By Hand & By Heart
By Hand & By Heart
MASH Gallery presents By Hand & By Heart, a summer group exhibition bringing together eight artists working across painting, mixed media, fiber, and sculptural installation. United not by style but by process, each artist treats material not as a vehicle for image, but as the site where meaning is made. Their practices differ formally and conceptually, yet each understands that the act of making is inseparable from the work itself.
In the mid-twentieth century, influential art critic Clement Greenberg argued that painting should pursue the qualities unique to its medium. Its defining condition was flatness: the canvas should acknowledge itself as a surface rather than aspire to sculpture or illusion. Those ideas reshaped the course of modern art, establishing medium specificity as one of its central principles. By Hand & By Heart belongs to a different moment. Here, painting extends into relief, fiber occupies space with the authority of sculpture, and material is no longer confined by disciplinary boundaries. The question is no longer what a medium ought to be, but what it is capable of becoming.

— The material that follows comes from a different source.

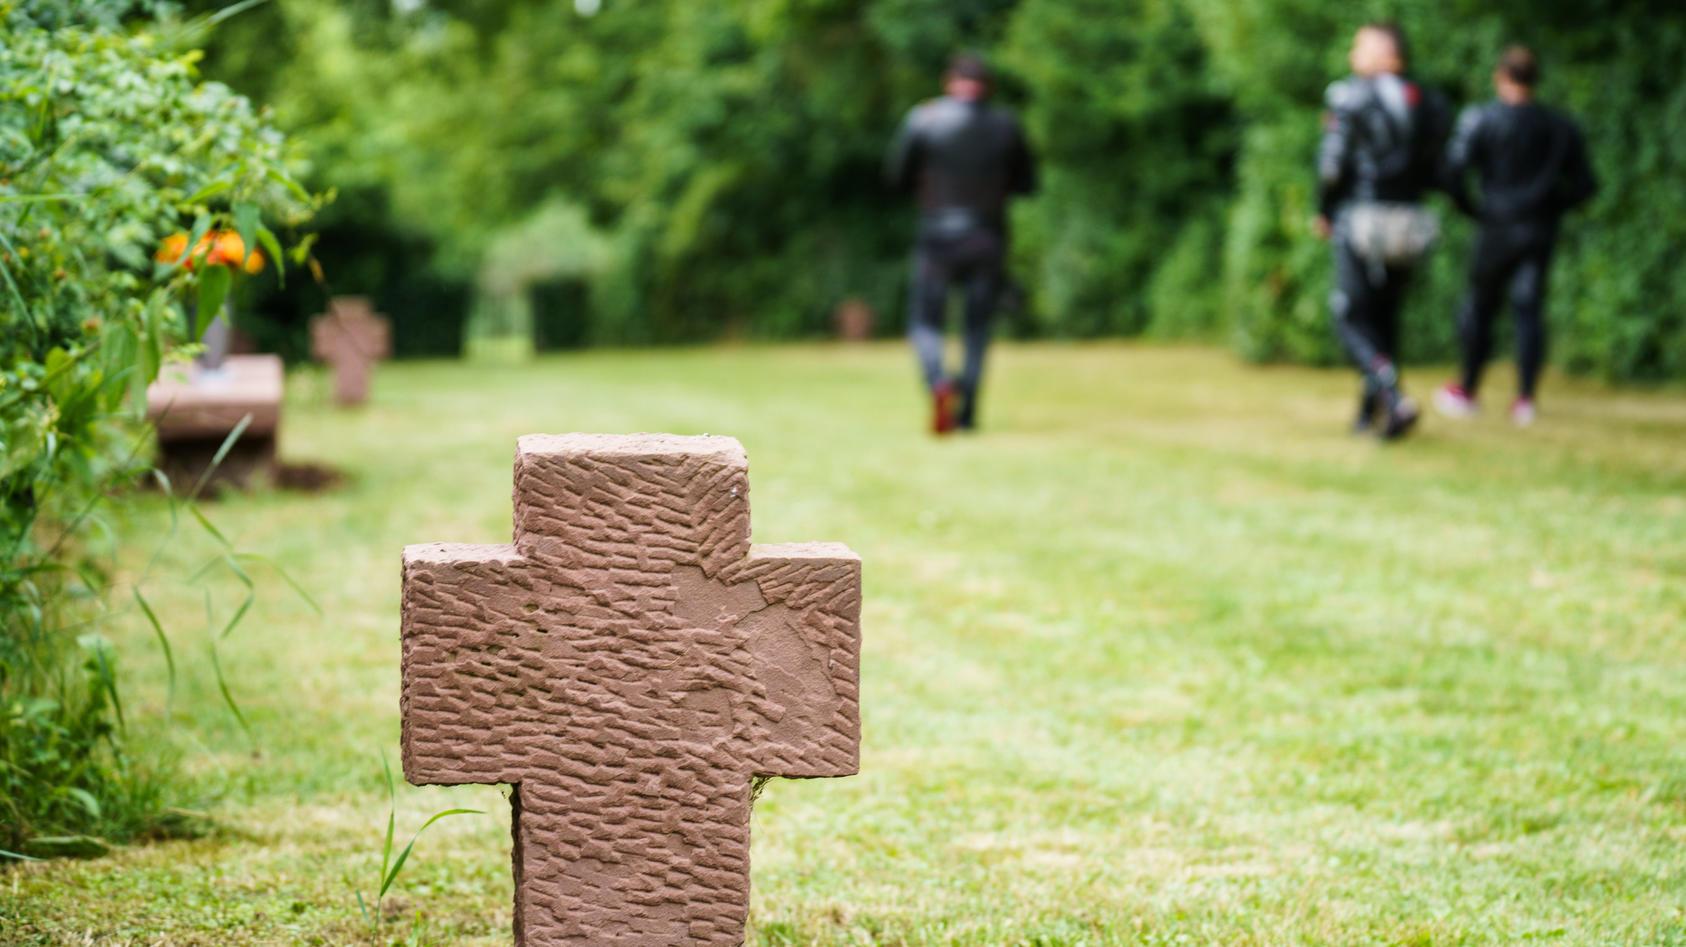 Frau auf Friedhof angezündet: 31-Jähriger in Psychiatrie (Symbolbild)

Texture is never decorative. Color is never incidental. Every mark, stitch, layer, and gesture records the presence of the hand, making the process inseparable from the finished work.
The exhibition arrives at a moment increasingly shaped by frictionless digital production and automated image-making. Against that backdrop, the handmade asserts a different set of values that reward sustained attention. These artists ask viewers to encounter not only what has been made, but the labor, discipline, and intuition embedded within it.
Spanning local, national, and international artists, By Hand & By Heart proposes that the future of material practice lies not in preserving historical distinctions between mediums, but in allowing those boundaries to remain fluid. What emerges is an exhibition grounded in touch, process, and physical presence, affirming that the hand remains one of the most expressive instruments available to contemporary art.